Based on my recent testing, it seems like it is possible to attach PDF files to notes in Joplin, but the content of those PDF files doesn't get searched when the user enters a search string. I think it would be handy for Joplin to search both the note text and the text in any attached PDF files. It would make Joplin more useful for managing academic papers and that sort of thing. Thanks for all the work you've done so far on this great app!
I here came to suggest the same thing. This is a fairly big issue for me given the fact that a large number of existing research notes I am importing from Evernote are PDFs. This feature could also be linked to the ability to natively view/preview PDFs within Joplin as per issue #877 .
I currently have lots of scanned and OCR-ed documents as PDFs in Evernote and rely on being able to search the text of them. So this feature is more important to me than preview of PDFs.
I totally agree with previous speakers.
For me, this is an essential piece for switching from Evernote, as I scan everything I receive in the mail.
The actual OCR can always be solved outside of Joplin, but searching already OCR:ed or otherwise searchable files is really needed.
I definitely see a potential complication with this though when searching on a mobile device where you might not sync all attachments.
Can there be some kind of search index, created by the desktop or terminal application, saved alongside each note perhaps?
Hey there, it looks like there has been no activity on this issue recently. Has the issue been fixed, or does it still require the community's attention? This issue may be closed if no further activity occurs. You may also label this issue as "backlog" and I will leave it open. Thank you for your contributions.
Just a small comment to prevent the bot from closing this request.
Hey there, it looks like there has been no activity on this issue recently. Has the issue been fixed, or does it still require the community's attention? This issue may be closed if no further activity occurs. You may comment on the issue and I will leave it open. Thank you for your contributions.
Don't close.
I can only agree with the previous speakers. I scan almost all documents with a Fujitsu Scansnap ix500 and it would be absolutely awesome if you could search these PDFs in Joplin.
Hello, I'm just discovering Joplin and it really looks like the Evernote replacement I am looking for. But I use EN extensively to store pdf files and searching the PDF content is THE feature that I can find only in EN at the moment. Having it in Joplin would definitely convince me to do the switch. Thanks!
Searching for the same thing and have the same use case. Lots of docs scanned to Evernote with OCR and need to be able to search them. This is preventing me from switching at present but I will keep an eye on progress. Otherwise looks great.
I also think within pdf search to be very important. Would an integration with something like rga be possible. That is a command line utility based on ripgrep which also search within files.
Hey there, it looks like there has been no activity on this issue recently. Has the issue been fixed, or does it still require the community's attention? This issue may be closed if no further activity occurs. You may comment on the issue and I will leave it open. Thank you for your contributions.
It would be great to add this feature. Any thoughts about integrating something like rga.
This would be an excellent feature.
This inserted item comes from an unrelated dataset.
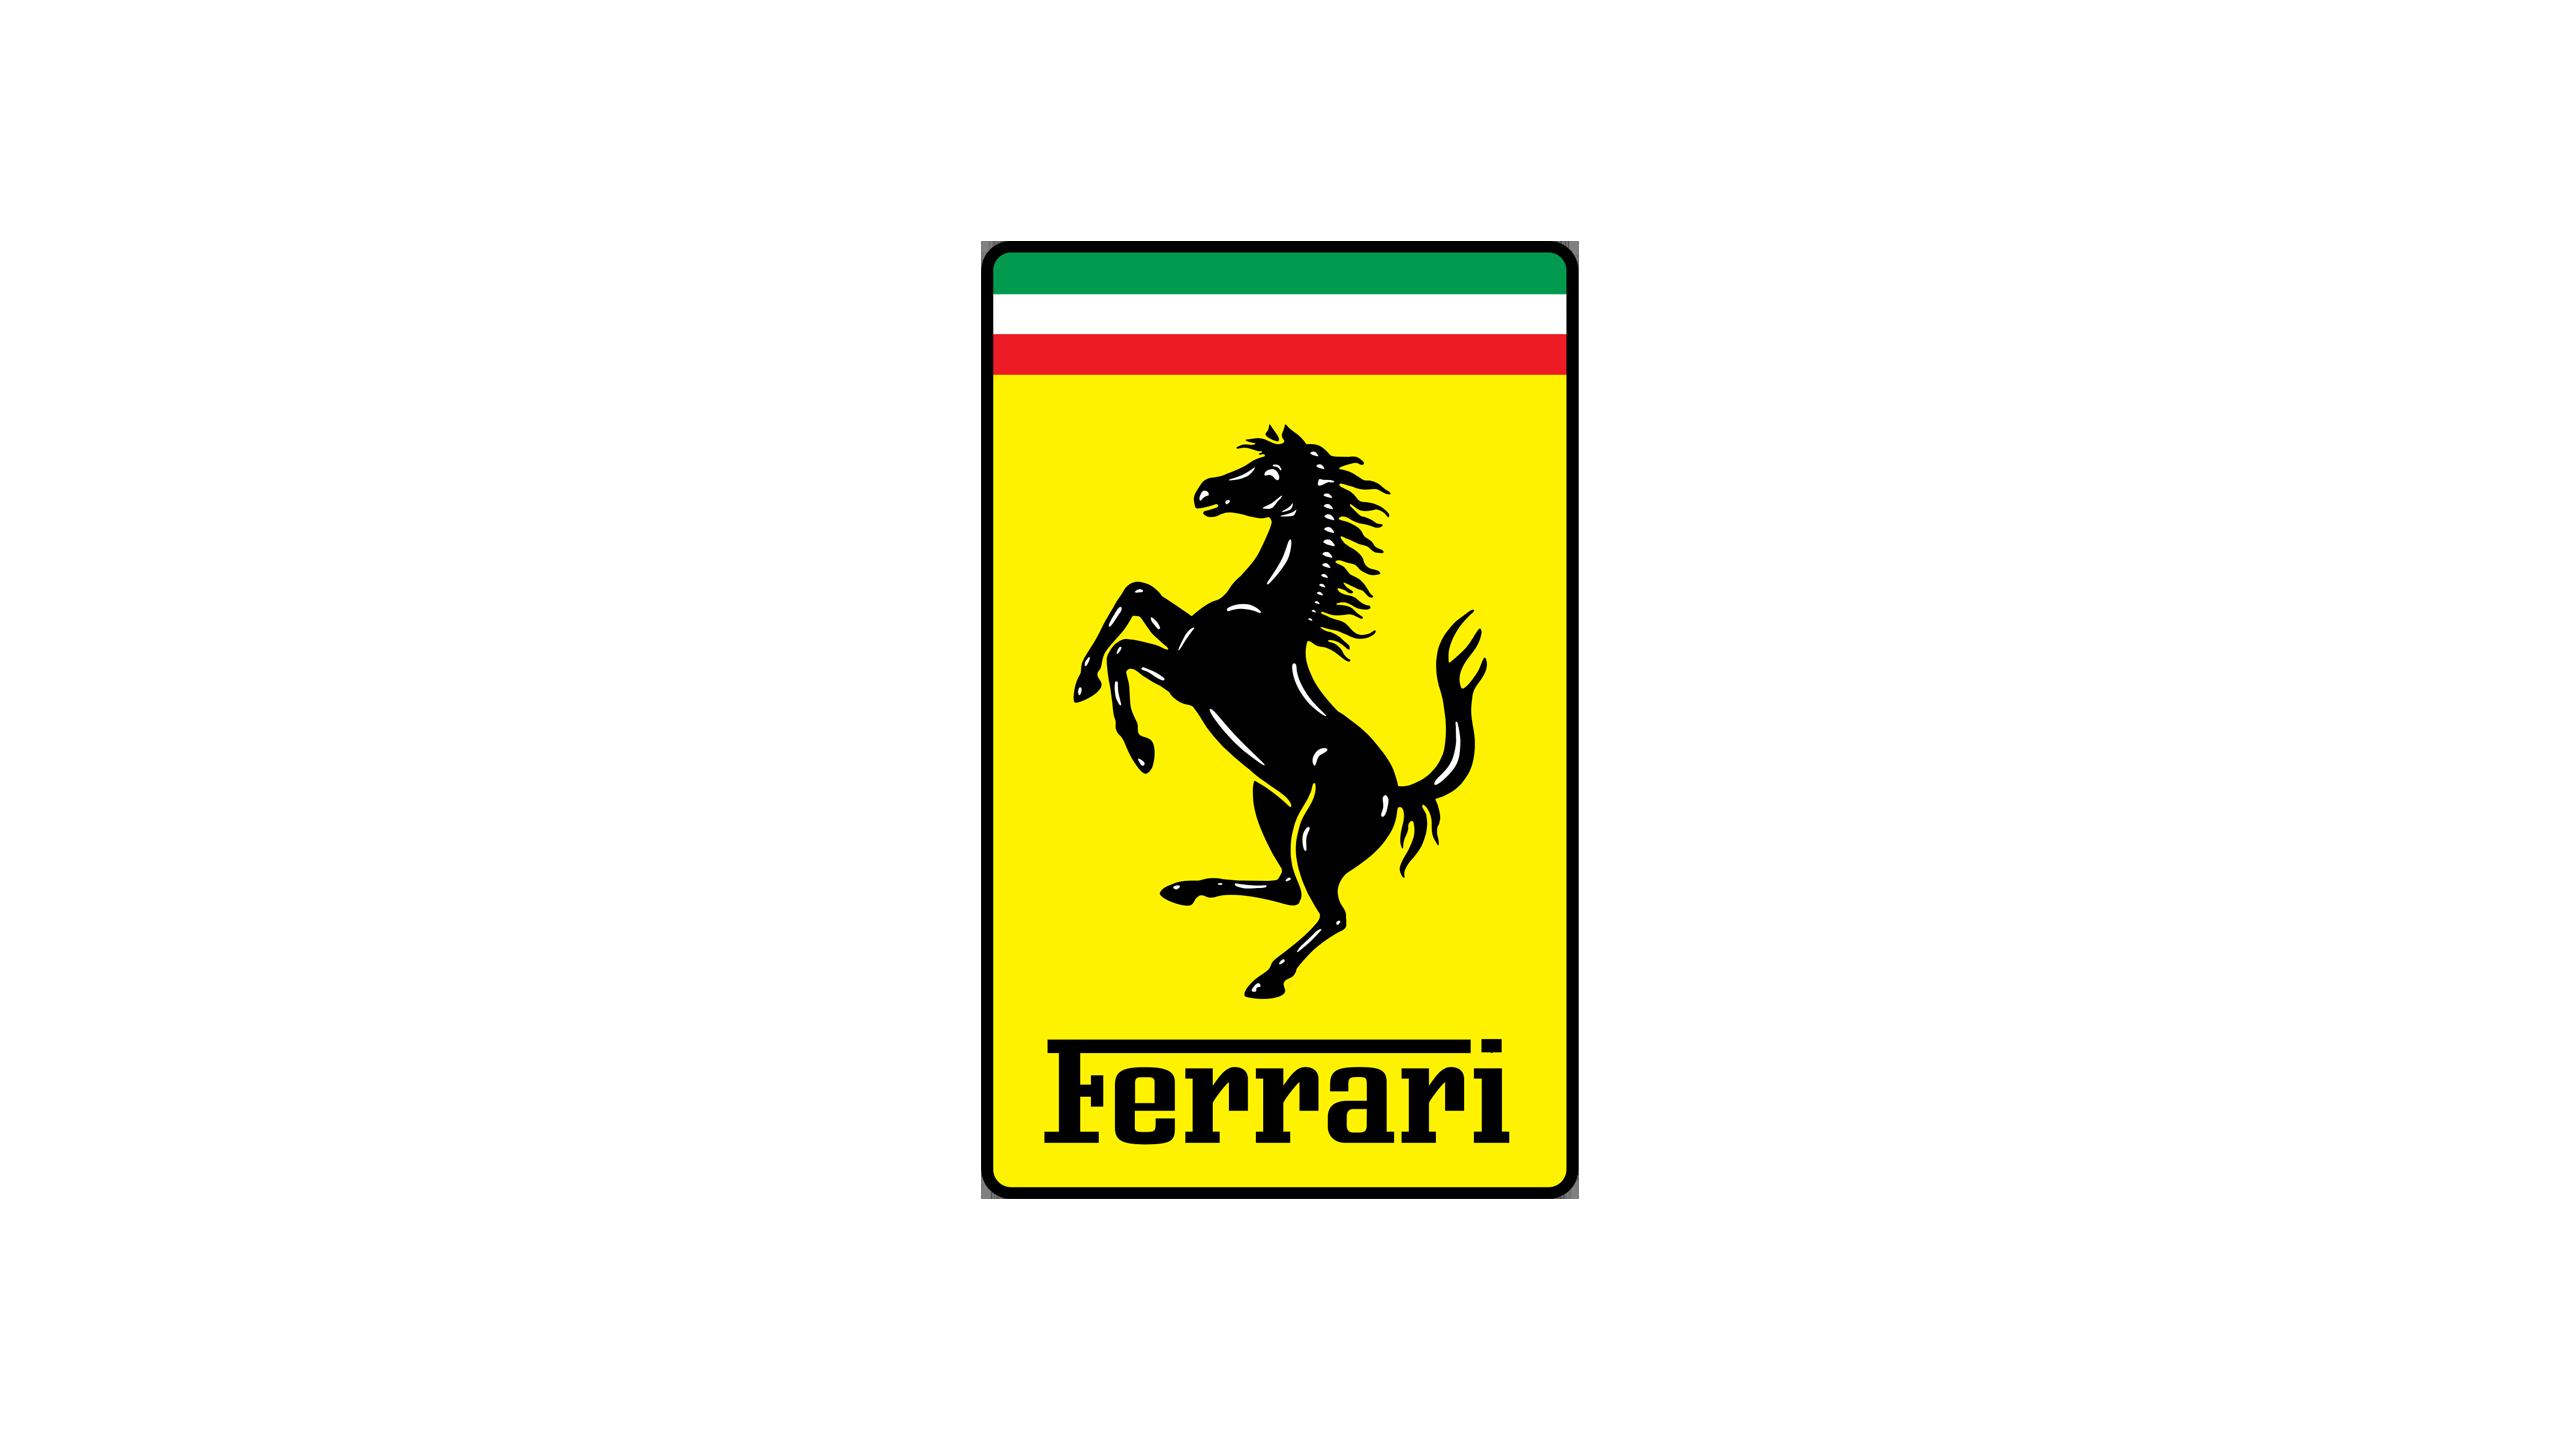 Ferrari logo png

I primarily use Evernote as a scanning and searching repository so to make the full switch from EN to Joplin would require this feature.
@laurent22 Any thoughts or ideas on how to move forward with this?
Maybe there are some obvious (but less obvious to me) reasons not to use something like pdf.js (https://github.com/mozilla/pdf.js), which already seems well established for reading and extracting text from PDF files.
Something like this combined with my previous suggestion of creating a plain text file that is saved alongside each note perhaps might work?
Granted, I have no idea how Joplin actually handles search internally, but if the contents of the PDF file is available as a plain text file, it at least seems reasonable for it to be picked up by Joplin's search, while at the same time offloading any reading/extracting of PDF files to some other time than when the user actually performs the search.
This is also an essential feature for me.
I'd love to see this as well.
Most helpful comment
I totally agree with previous speakers.
For me, this is an essential piece for switching from Evernote, as I scan everything I receive in the mail.
The actual OCR can always be solved outside of Joplin, but searching already OCR:ed or otherwise searchable files is really needed.
I definitely see a potential complication with this though when searching on a mobile device where you might not sync all attachments.
Can there be some kind of search index, created by the desktop or terminal application, saved alongside each note perhaps?